In this blog we are going to discuss what test strategy is all about, why test strategy is required when we would require a test strategy document and finally about how to write Test strategy document
What is a Test Strategy
A Test strategy is a static document that describes how the testing activity will be done. This is like a handbook to stakeholders which describes the test approach that we undertake, how we manage risk as well as how we do testing and what all levels of testing along with entry and exit criteria of each activity. This will be a generic document that the testing team would refer to prepare their test plan for every project.

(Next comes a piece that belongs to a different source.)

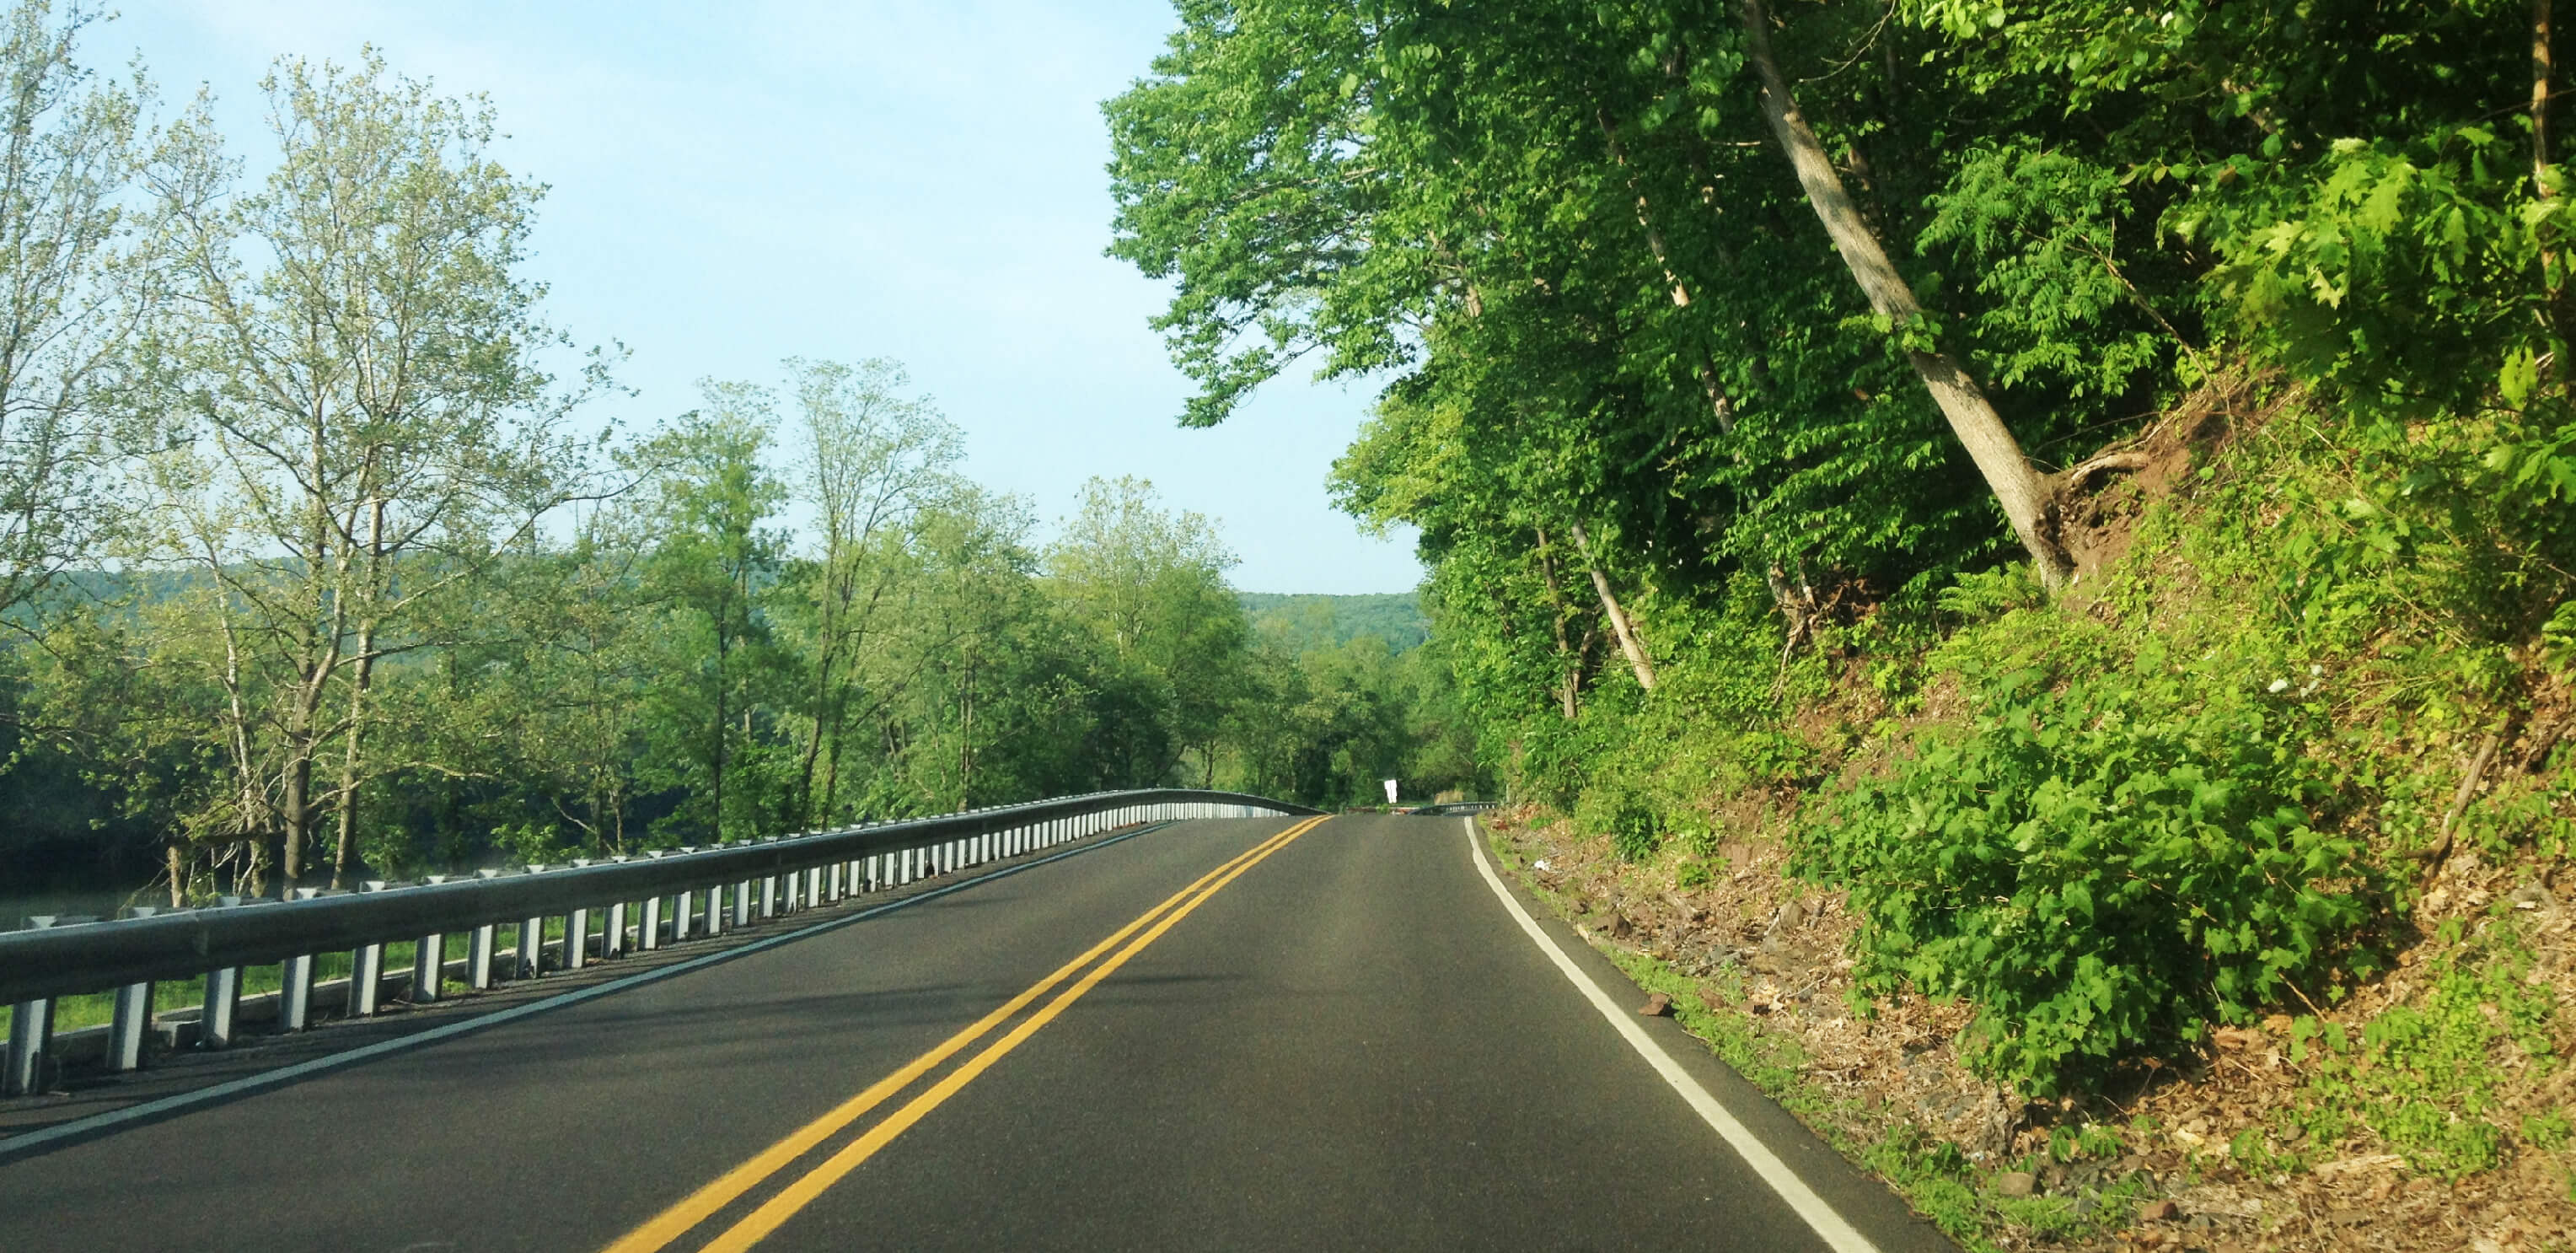 Photograph of State Route 32 in Pennsylvania

Test strategy act as a guidelines/plan at the global Organization/Business Unit level whereas Test plan will be specific to project and always we should ensure that we are not deviating from what we commit in Test strategy
Why Test Strategy is required
It gives an Organization a standard approach about how Quality is ensured in the SDLC. When there is any typical risk involved in a program, how to mitigate those risk and how can those risks be handled. When every project adopt to the same standard, quality improvement will be witnessed across the Organization and hence Test strategy is important
When do we need a Test Strategy
Below could be some of the circumstances which would require Test Strategy.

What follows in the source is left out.